The wheel shown is spun twice, and the randomly determined numbers opposite the pointer are recorded. The first number is divided by $4,$ and the second number is divided by $5.$ The first remainder designates a column, and the second remainder designates a row on the checkerboard shown. What is the probability that the pair of numbers designates a shaded square?

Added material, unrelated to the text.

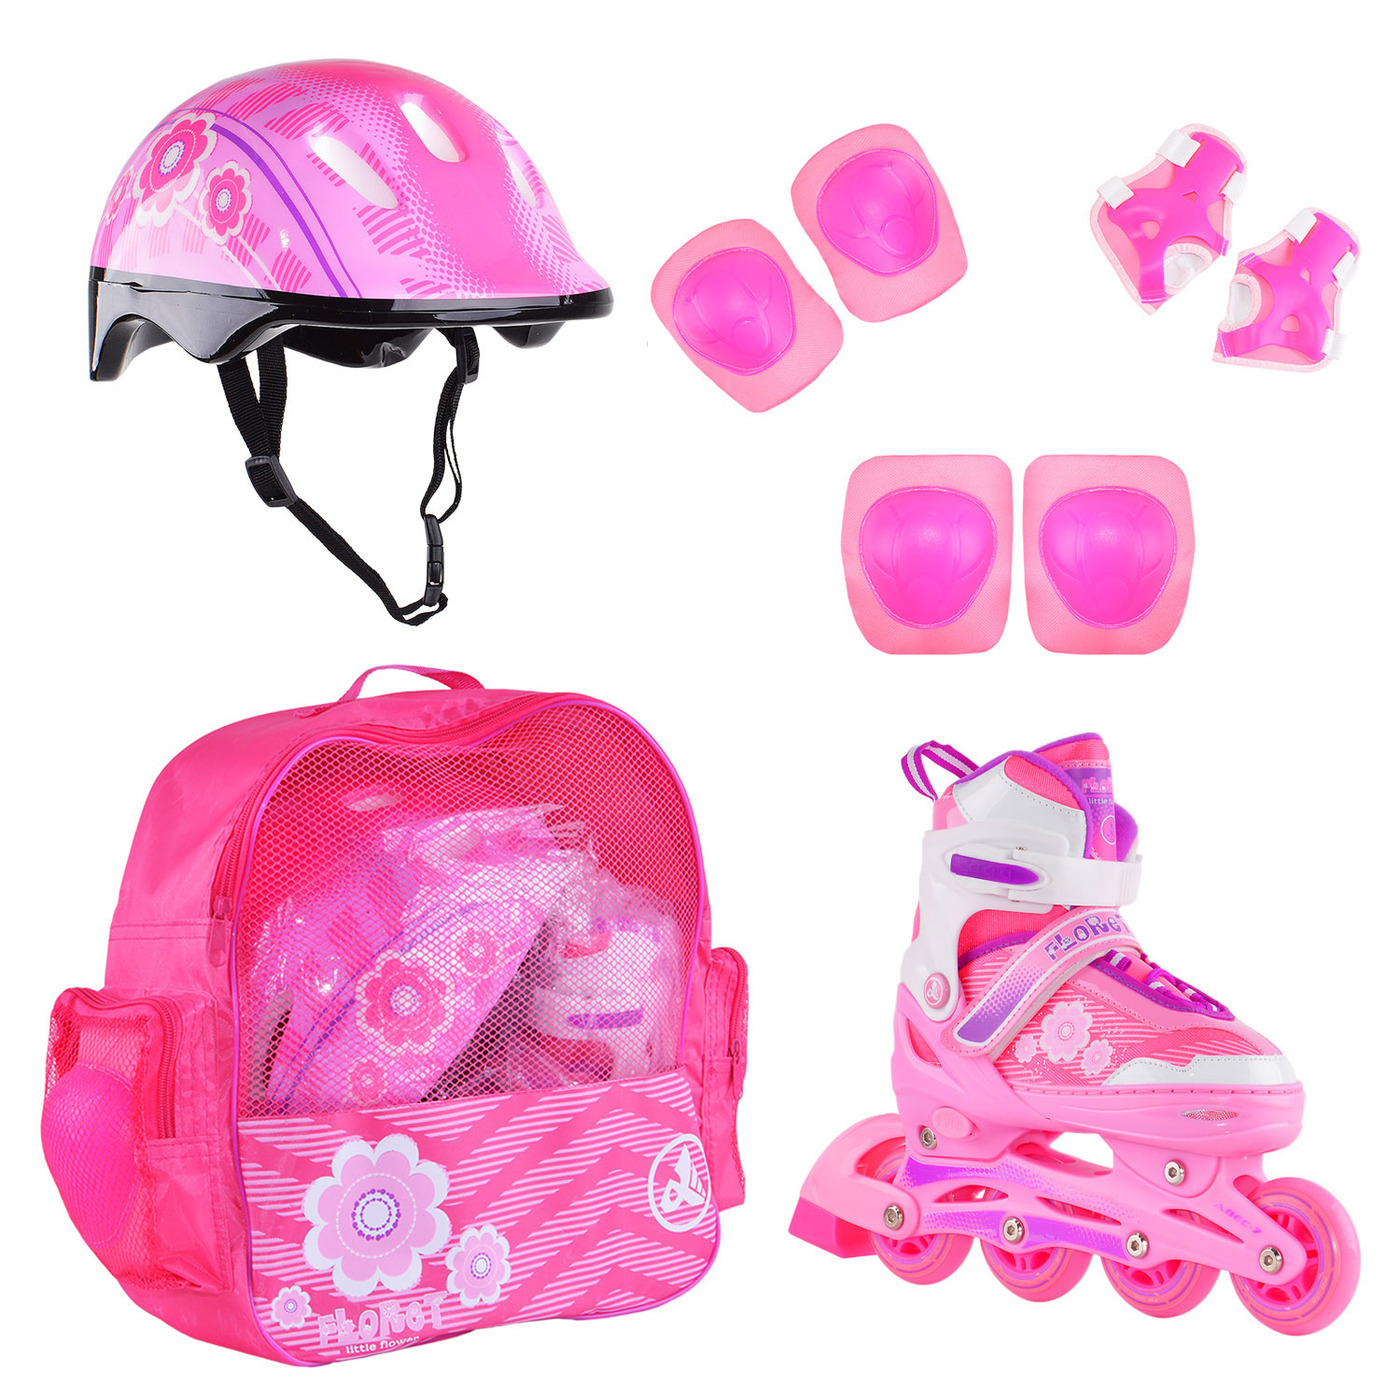 Раздвижные роликовые коньки Alpha Caprice FLORET Wh/Pink/Viol шлем, защита, сумка M:35-38 коньки ледовые раздвижные larsen glide pink white l 39 42
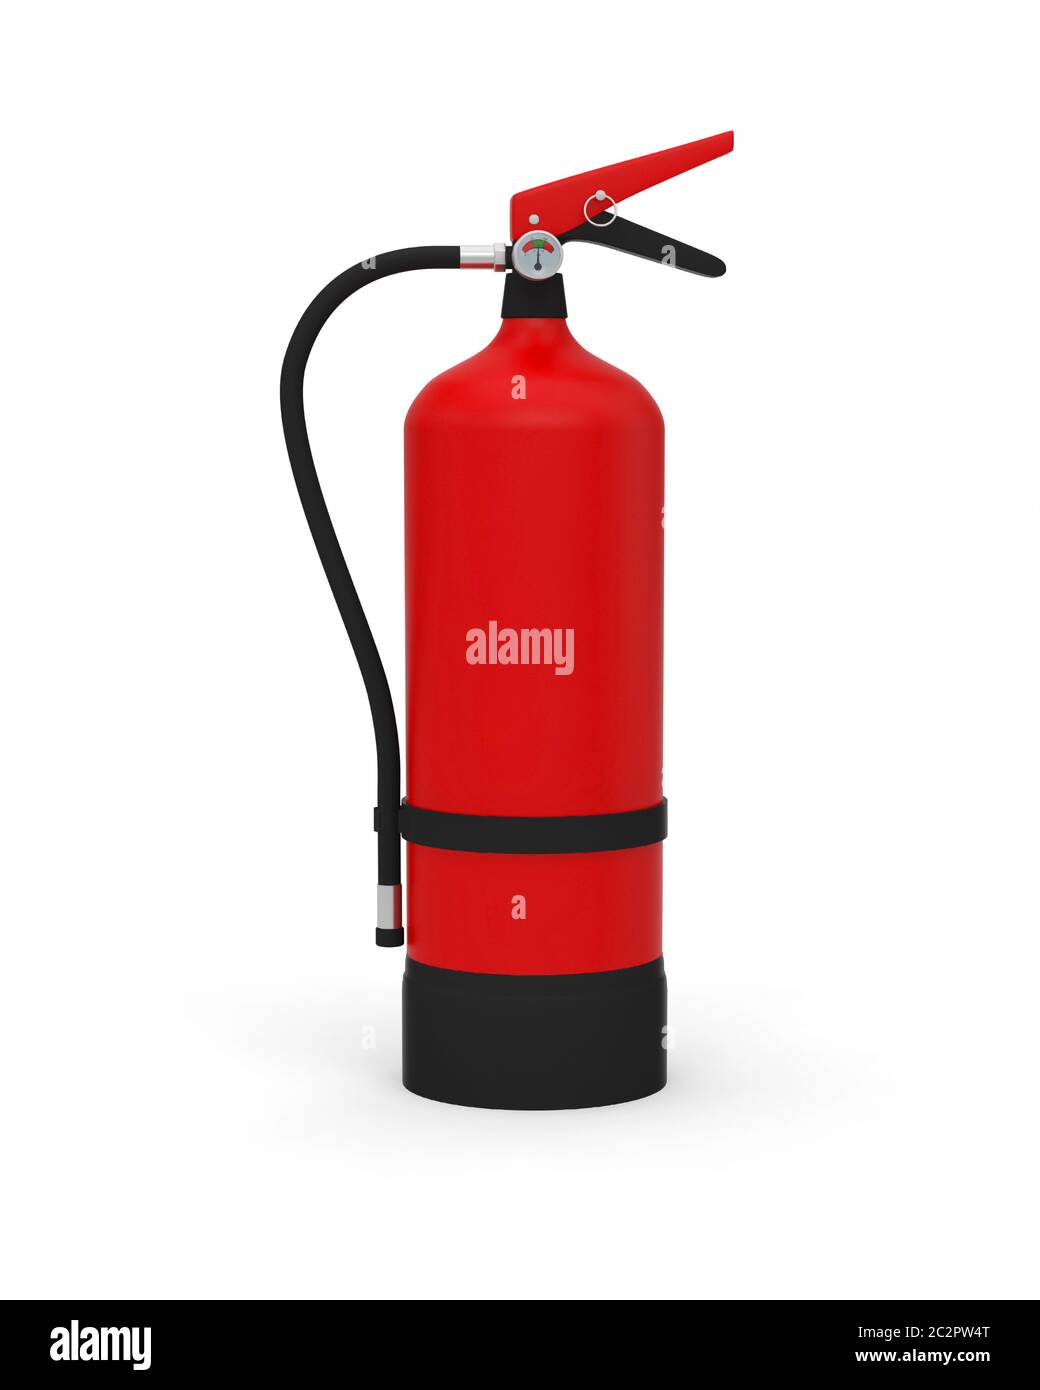 Feuerlöscher Ausrüstung Sicherheit Feuer rot Schutz sichere Rettung 3D Stockfoto

[asy] unitsize(5mm); defaultpen(linewidth(.8pt)+fontsize(10pt)); dotfactor=4;  real r=2; pair O=(0,0); pair A=(0,2), A1=(0,-2); draw(A--A1); pair B=(sqrt(3),1), B1=(-sqrt(3),-1); draw(B--B1); pair C=(sqrt(3),-1), C1=(-sqrt(3),1); draw(C--C1); path circleO=Circle(O,r); draw(circleO); pair[] ps={O}; dot(ps); label("$6$",(-0.6,1)); label("$1$",(0.6,1)); label("$2$",(0.6,-1)); label("$9$",(-0.6,-1)); label("$7$",(1.2,0)); label("$3$",(-1.2,0));  label("$pointer$",(-4,0)); draw((-5.5,0.5)--(-5.5,-0.5)--(-3,-0.5)--(-2.5,0)--(-3,0.5)--cycle);  fill((4,0)--(4,1)--(5,1)--(5,0)--cycle,gray); fill((6,2)--(6,1)--(5,1)--(5,2)--cycle,gray); fill((6,0)--(6,-1)--(5,-1)--(5,0)--cycle,gray); fill((6,0)--(6,1)--(7,1)--(7,0)--cycle,gray); fill((4,-1)--(5,-1)--(5,-2)--(4,-2)--cycle,gray); fill((6,-1)--(7,-1)--(7,-2)--(6,-2)--cycle,gray); draw((4,2)--(7,2)--(7,-2)--(4,-2)--cycle); draw((4,1)--(7,1)); draw((4,0)--(7,0)); draw((4,-1)--(7,-1)); draw((5,2)--(5,-2)); draw((6,2)--(6,-2)); label("$1$",midpoint((4,-1)--(4,-2)),W); label("$2$",midpoint((4,0)--(4,-1)),W); label("$3$",midpoint((4,1)--(4,0)),W); label("$4$",midpoint((4,2)--(4,1)),W); label("$1$",midpoint((4,-2)--(5,-2)),S); label("$2$",midpoint((5,-2)--(6,-2)),S); label("$3$",midpoint((7,-2)--(6,-2)),S); [/asy]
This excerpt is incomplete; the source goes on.